The right to roam campaign group has organised a series of mass trespasses across England to demand improved access to land. The first took place in Devon in early May, where a group of campaigners took a picnic onto land owned by the Duke of Somerset.

The group is calling for an expansion of the Countryside & Rights of Way (CRoW) Act of 2000, which enabled partial right to roam over around 8 per cent of England, including mountains, commons and moors.

“[But] these sites are often remote, meaning that access to land has become a postcode lottery, available to those who live next to it, or who can afford the cost of travel and overnight stays,” the group says.

“Everywhere else, not covered by the CRoW Act, the public are actively made to feel unwelcome in our own landscape and have been portrayed for centuries as a threat to the countryside.”

In March, Green MP Caroline Lucas tabled a bill to expand the right to roam, but government ministers have not expressed enthusiasm for the idea.

Last month, leader of the house Mark Spencer defended the shelving of a report into right to roam expansion, saying “the countryside is a place of business”.

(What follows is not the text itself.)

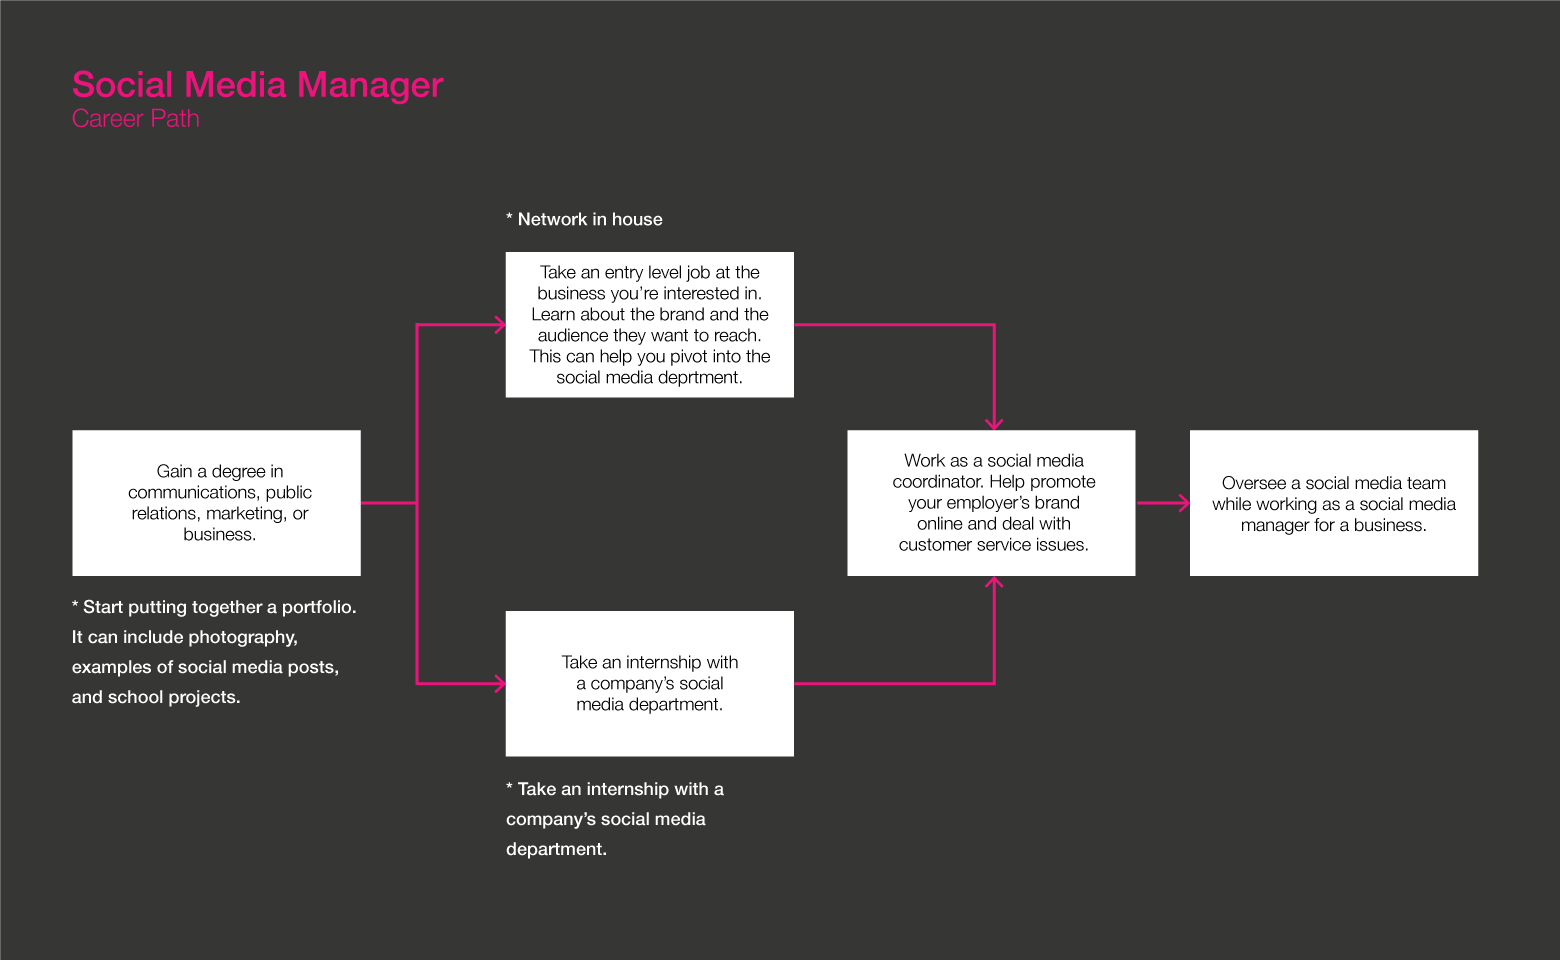 Social media manager roadmap
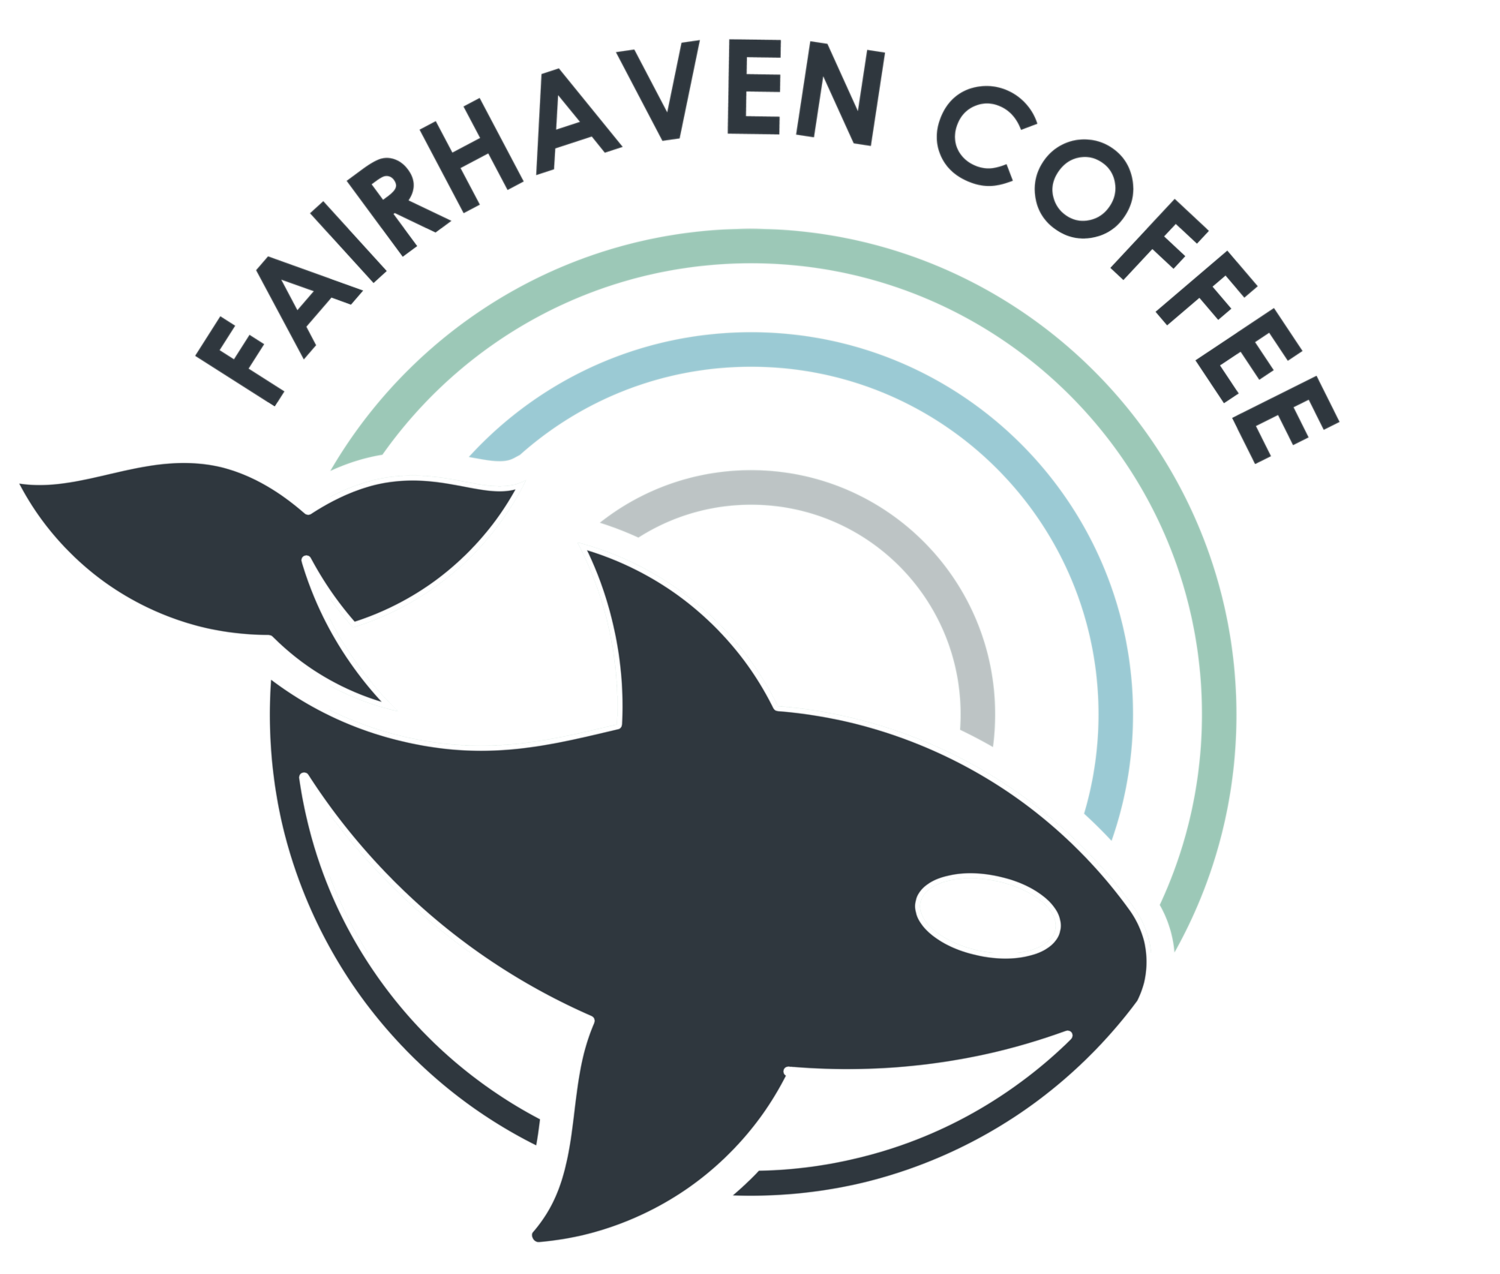 Fairhaven Coffee

“I think we are blessed in this country with hundreds of thousands of miles of public footpath to allow people to access the countryside. We have to recognise the countryside is not just a place of leisure, but it is also a place of business and food production,” he said.

Lucas responded at the time by saying: “Utterly feeble ‘defence’ from leader of house on government quashing review into the right to roam. Working and leisure are not incompatible – is this really the government’s excuse?”